S5F: mutation isn't uniform

If your simulator scatters point mutations uniformly across a sequence, it's giving you a fairy tale. Real SHM is concentrated in CDRs and shaped by 5-mer context.

03 / 05

The intuition

AID — the enzyme that drives somatic hypermutation — has hot spots. WRC motifs (where W is A/T and R is A/G) are mutated orders of magnitude more often than the surrounding bases. CDRs are enriched for hot spots; FWRs are not. The result is a heatmap, not a sprinkle.

GenAIRR uses the S5F model — a 5-mer context-aware mutability and substitution table empirically derived from human B-cell repertoires. Each position's mutation probability is a function of its two upstream and two downstream neighbors. The hotter the 5-mer, the more often it mutates.

Mutation density across the V region

Below: 1,000 simulated heavy chains, mutated at a 5% rate, summarized as positional density. Darker green = more mutations land here. Amber = hot-spot regions where the rate exceeds the average.

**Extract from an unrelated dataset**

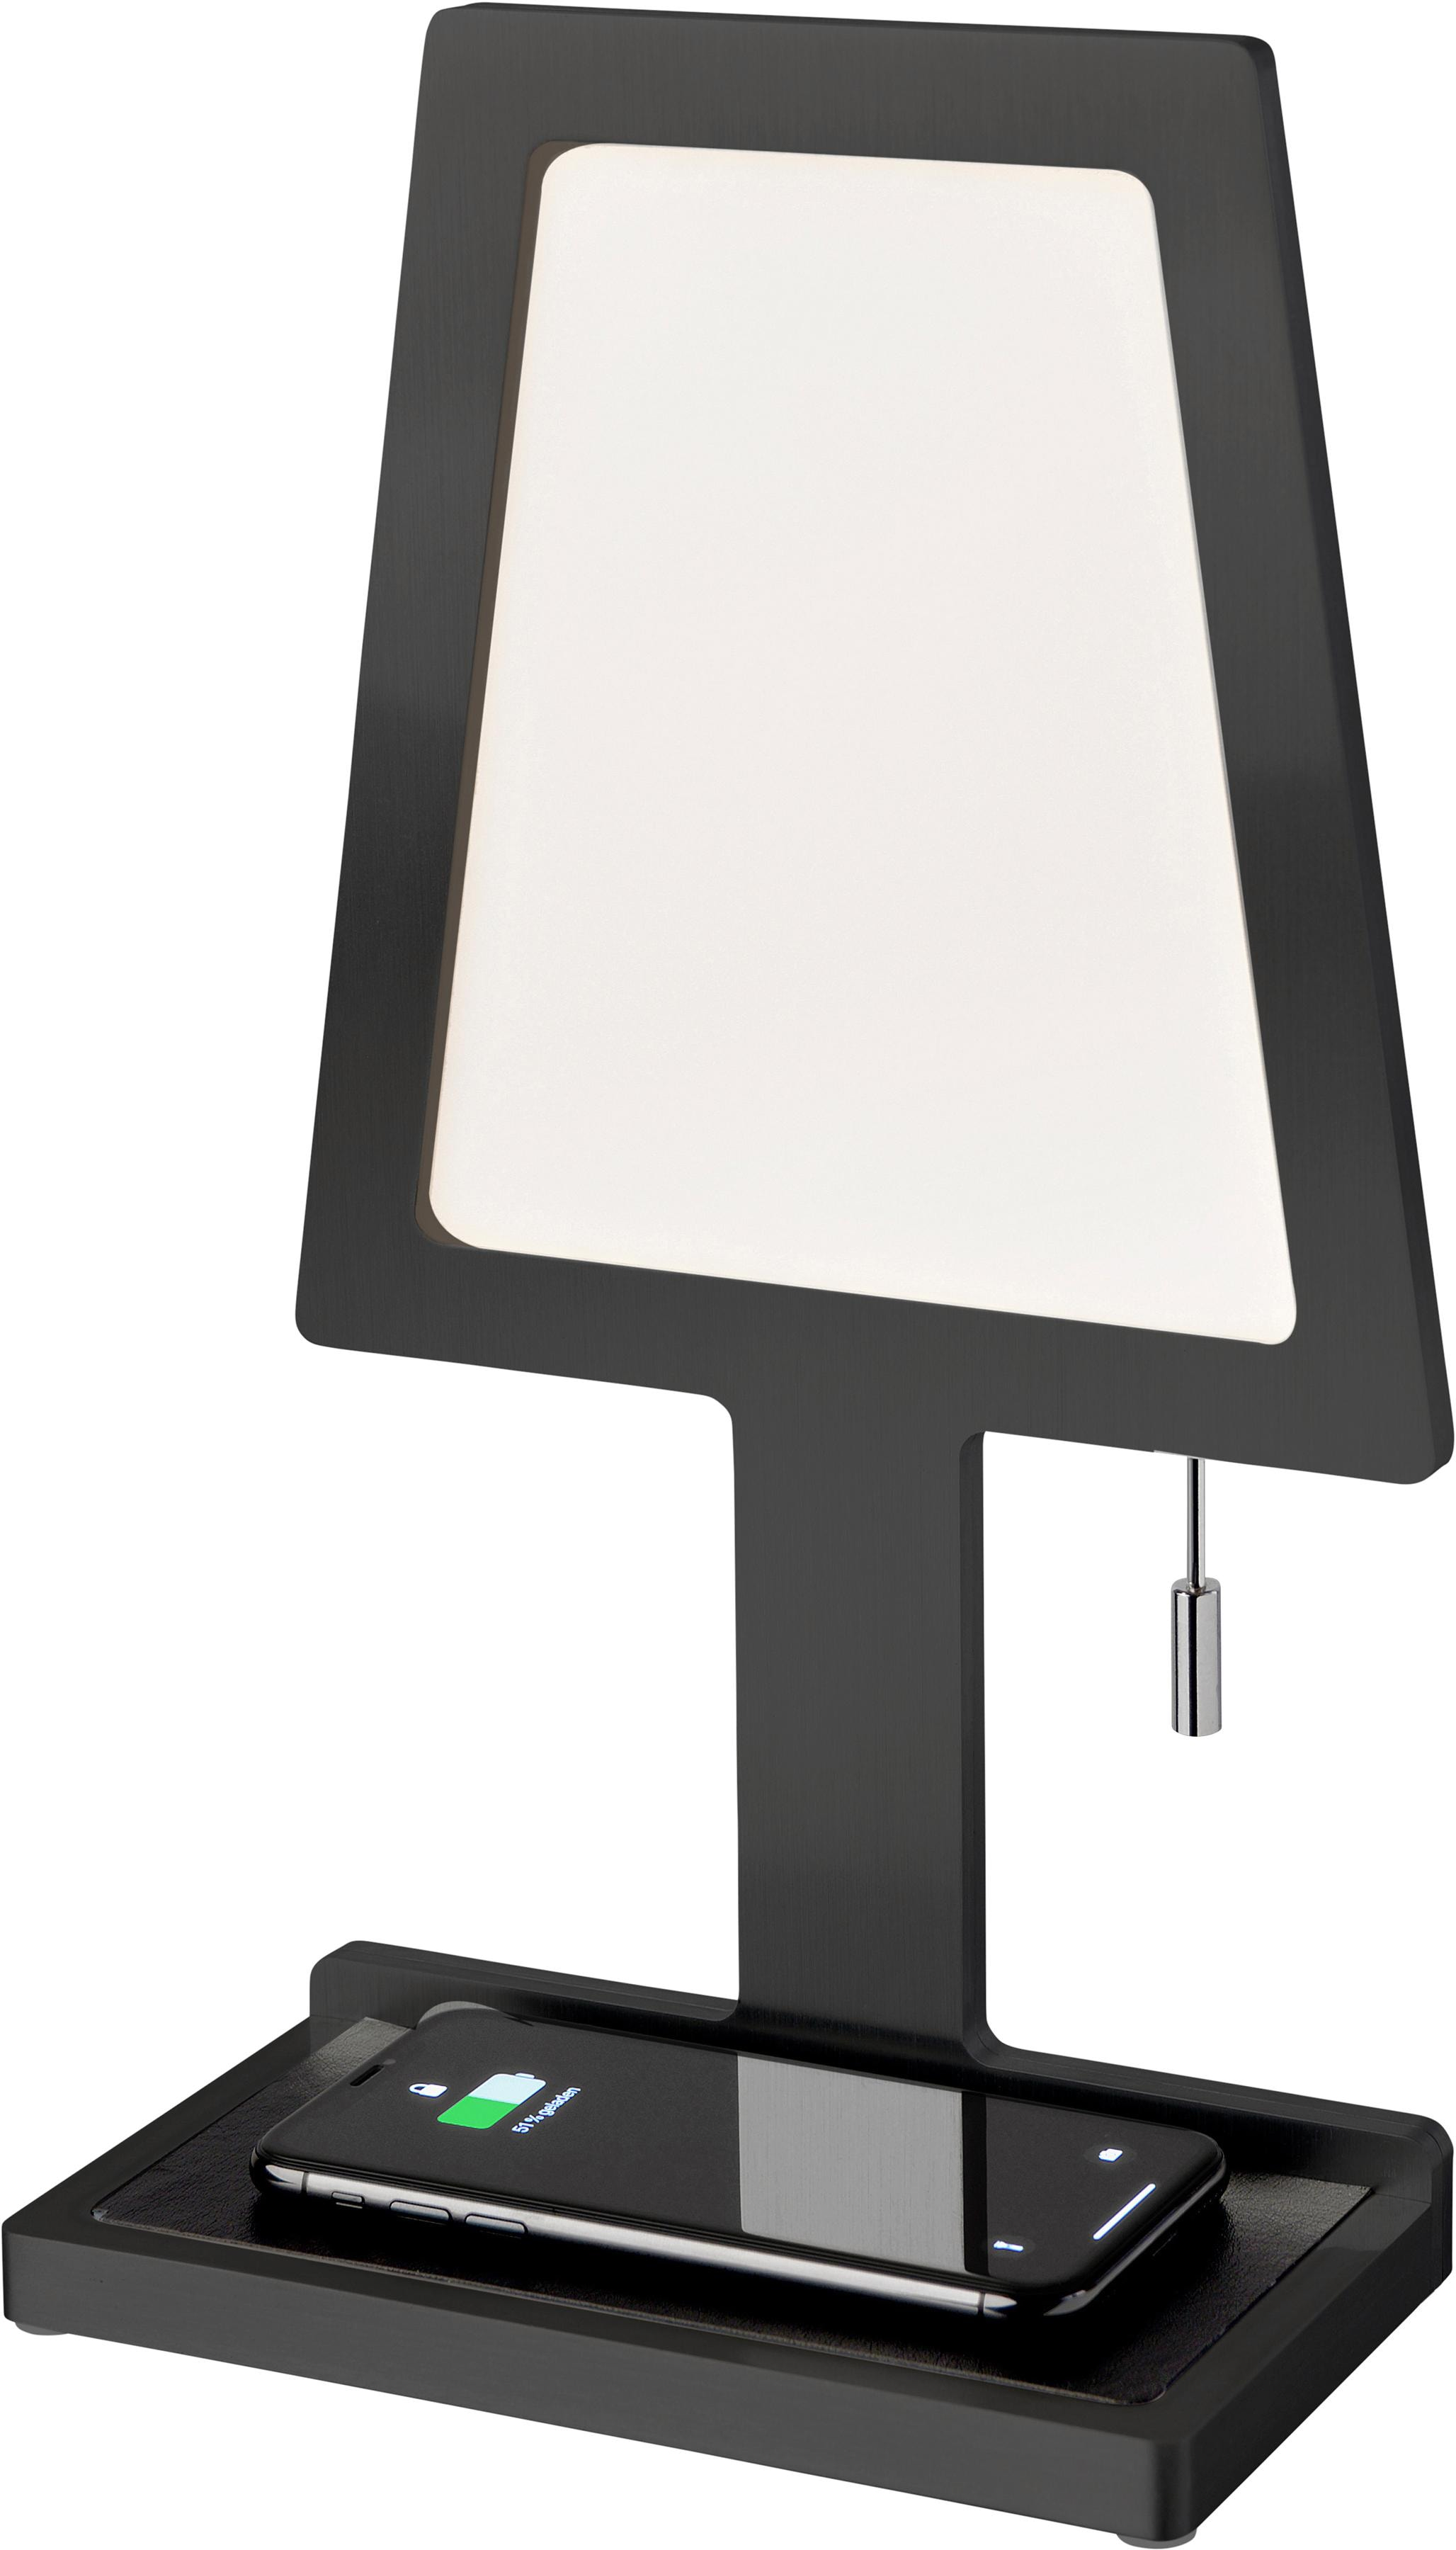 SOMPEX LED Tischleuchte Steve-Phone, LED-Board, Warmweiß, mit induktiver Ladefunktion, gemäß QI-Standard

CDR1 / CDR2 / CDR3 (the antigen-contact loops) are visibly enriched. FWRs (the structural scaffold) are colder — selection pressure rejects mutations that disrupt folding.

The corresponding code

S5F is the default mutation model. The count= argument controls how many mutations land on each sequence — a fixed integer, a (min, max) uniform range, or an arbitrary weighted distribution. The s5f_model= argument picks the empirical kernel; four ship with GenAIRR.

lesson_3.py

import GenAIRR as ga

result = (
    ga.Experiment.on("human_igh")
       .recombine()
       .mutate(
           model="s5f",
           count=(5, 25),
           # kernels: "hh_s5f" (heavy, default), "hh_s5f_60",
           #          "hh_s5f_opposite", "hkl_s5f" (kappa/lambda)
           s5f_model="hh_s5f",
       )
       .run_records(n=1000, seed=42, expose_provenance=True)
)

# Each record exposes mutation summaries at field level
rec = result.records[0]
rec["n_mutations"]    # e.g. 10
rec["mutation_rate"]   # e.g. 0.0258
rec["v_identity"]      # e.g. 0.9763 (S5F concentrates here)

Try it now

Run the experiment above and inspect mean v_identity, d_identity, j_identity across the 1,000 records. You'll see the three numbers aren't equal — D drops the most (short segments are hit hardest by any mutation that lands), V drops next, and J holds the highest identity. Each region has its own SHM signature. Try swapping s5f_model="hkl_s5f" with a light-chain config to see the kernel matter.

Exercise

Run two experiments at the same seed and fixed count=(15, 15): one with model="s5f", one with model="uniform". Compare mean v_identity against mean d_identity in each. With uniform they should sit near each other; with S5F there's a real gap — V is hotter than D for the same mutation budget. Why?